Could you please guide where to make changes to use “MNI 2009c asymmetric volume space version of the Glasser atlas”, I have this code running.

bundle of thanks!

I expect you would change the NIFTI file that you have been using to MNI_Glasser_HCP_v1.0.nii.gz instead.

1 Like

Hi @dglen Thank you for your guidance. So far what I understand is, The “MNI_Glasser_HCP_v1.0.nii.gz” is already in MNI space, so don’t have to use “mask_img”, so just have to directly apply the “MNI_Glasser_HCP_v1.0.nii.gz” to the data.

Like:

glassermasker = NiftiLabelsMasker(labels_img='MNI_Glasser_HCP_v1.0.nii.gz',mask_img=None)
glassermasker.fit()

and later in my case:

ts_nor = glassermasker.transform(abidedata_func_normal['func_preproc'][i])

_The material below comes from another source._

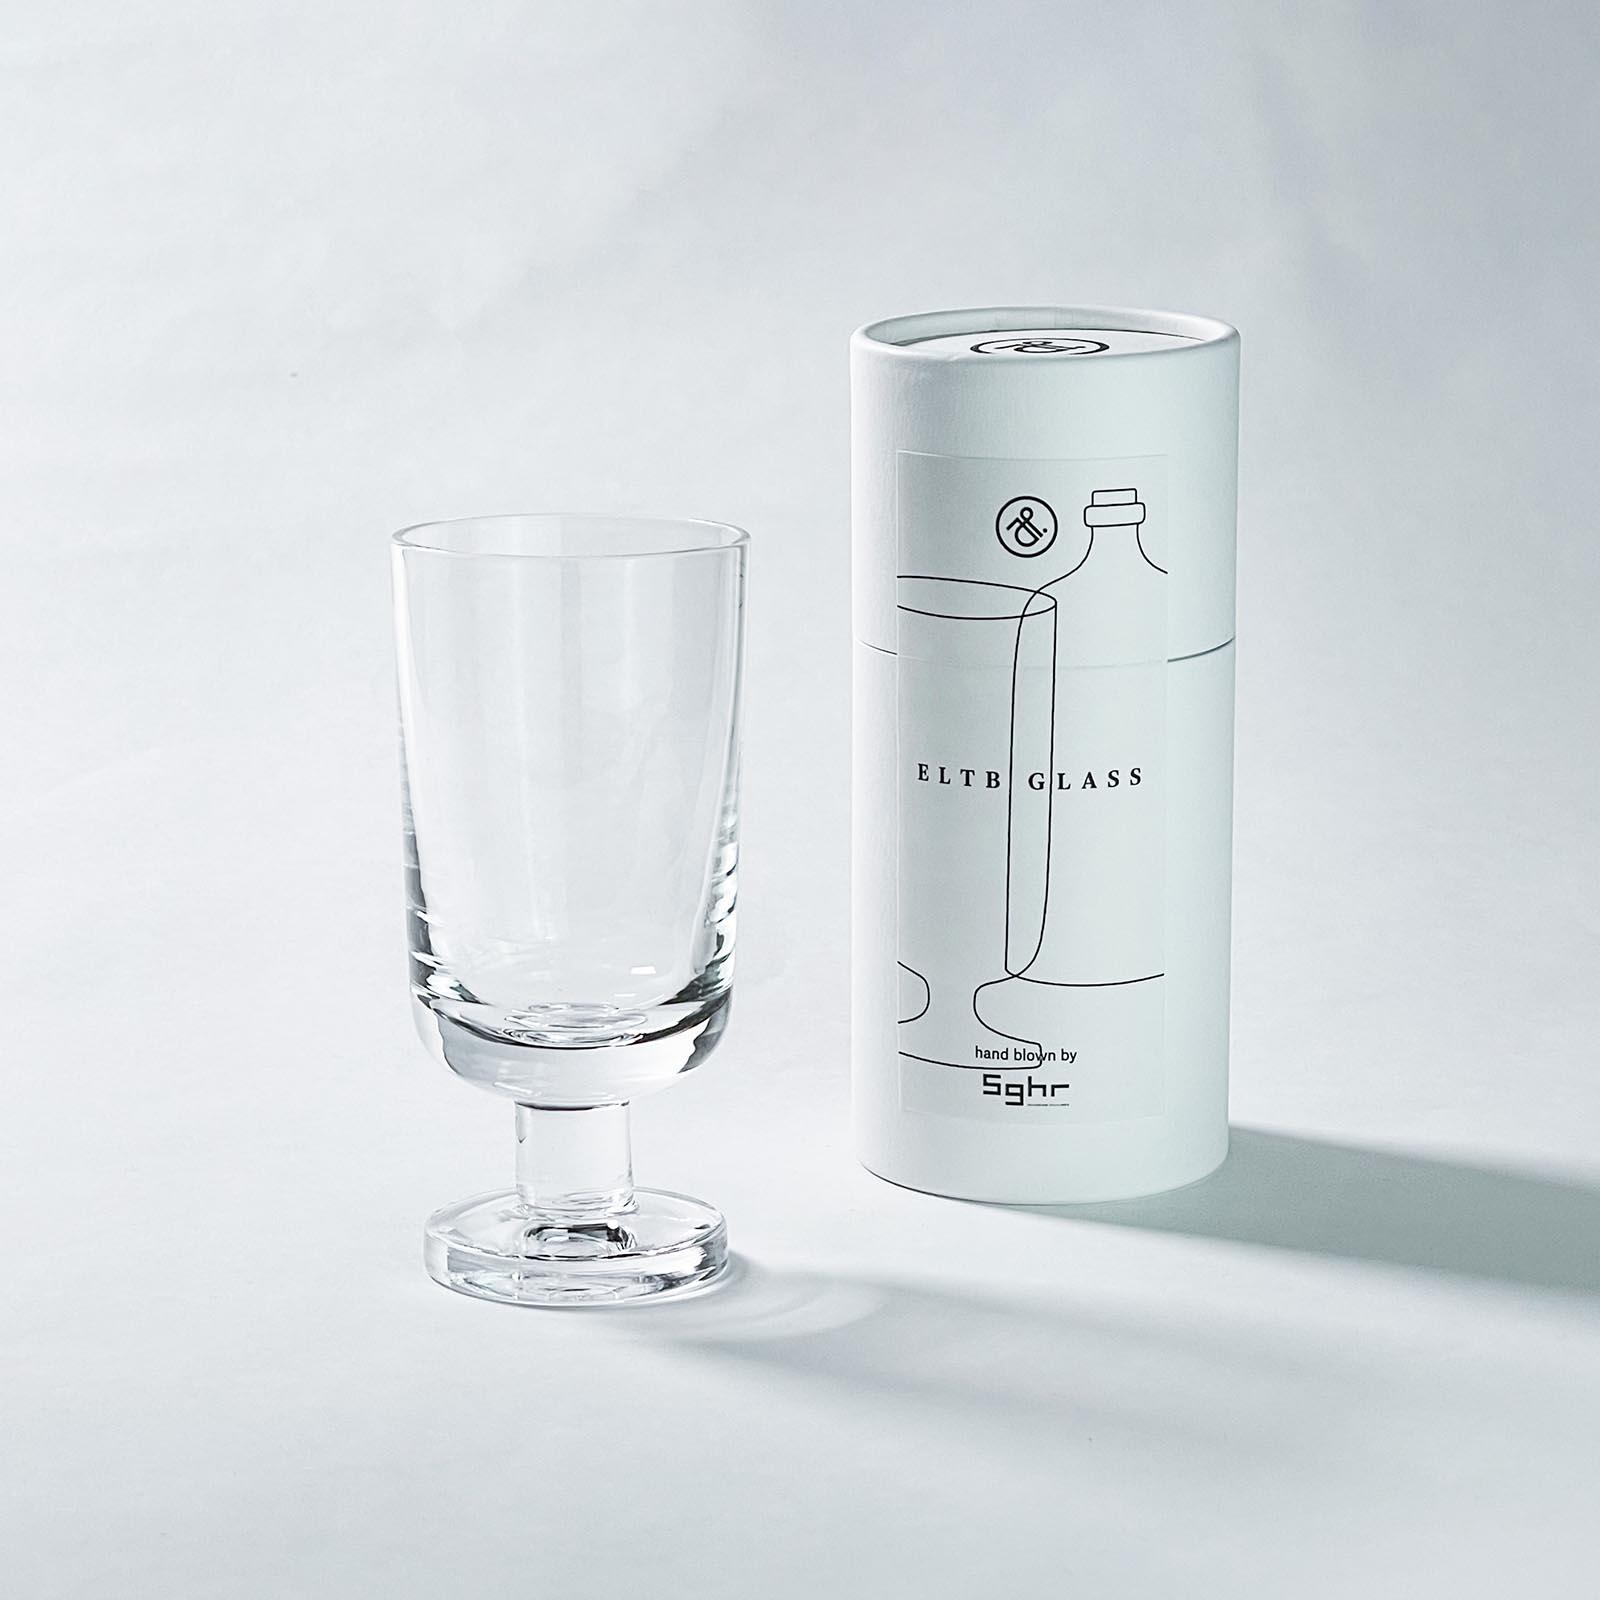 mitosaya × Sghr:蒸留酒 BANCHADOKI 1本+ELTB GLASS 1客 セット GIFT

Have i got your point right?

Thanks in advance.

I don’t know anything about the calling code here, but there doesn’t seem anything specific to any particular values, so it seems reasonable to try it with our Glasser parcellation in MNI space. I can’t tell what the glassermasker.transform does. It might be useful to find out what you intend to do with the Glasser atlas.